Tech Talks Digest

Prometheus Deep Dive

Year: 2019

Labels: prometheus, observability

Prometheus Deep Dive

Speaker(s): Ben Kochie

Video URL: https://youtu.be/Me-kZi4xkEs

Summary: This talk delved into the design choices of Prometheus monitoring system architecture, and best practices and recommendations for data collection and scaling strategies.

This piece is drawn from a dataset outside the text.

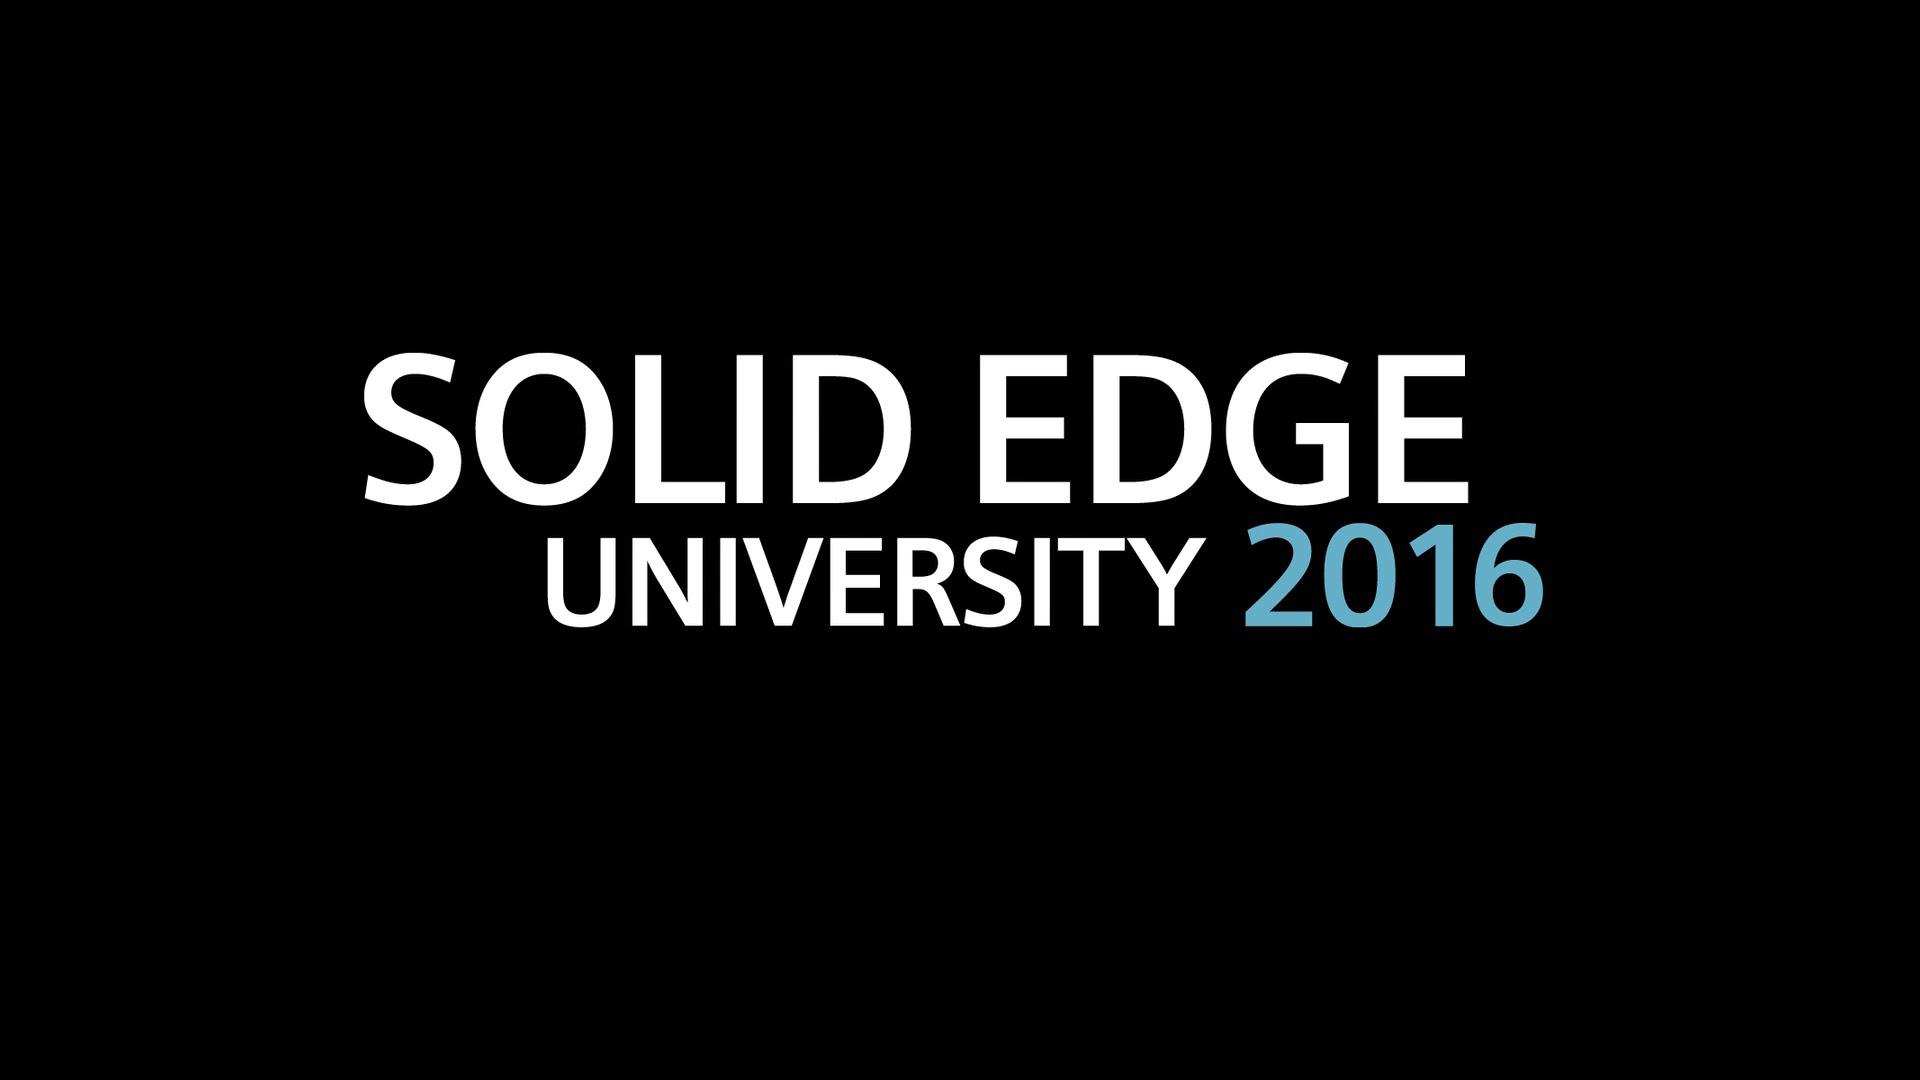 Solid Edge university.jpg

The speaker also showcased some recent enhancements (although this was in 2019).

Timestamps

  • 00:00 - Introduction to Speaker and Prometheus
  • 02:25 - Prometheus Design
  • 04:40 - Prometheus Data Collection
  • 10:10 - Scaling Strategies
  • 13:40 - Q&A: Prometheus' Storage
  • 16:10 - Q&A: Retroactively Evaluating Recording Rules
  • 17:25 - Q&A: Experience with Thanos
  • 22:20 - Q&A: Facing Problems with Prometheus
  • 23:25 - Q&A: Application-specific Metrics
  • 25:50 - Q&A: Vertical Compaction
  • 27:10 - Q&A: Prometheus Web Interface
  • 28:30 - Q&A: TSDB Sizing
  • 29:10 - Q&A: Config Management

Key Takeaways

  • Prometheus is designed to be the most reliable component on the network by minimizing dependencies and running locally. This way, Prometheus maintains visibility even if external network dependencies fail. The Write-Ahead log ensures data reliability during operations and restarts and the immutability of the time series database prevents data corruption.
  • Prometheus should be deployed close to the targets to ensure accurate monitoring without relying on broader network stability.
  • Vertically scale Prometheus instances before considering horizontal scaling, e.g. for 1,000-pods or similarly large deployments should split Prometheus instances based on services to enhance manageability and performance.
  • Take capacity planning seriously, e.g. a server handling 100,000 samples/second requires planning behind how to manage storage and processing.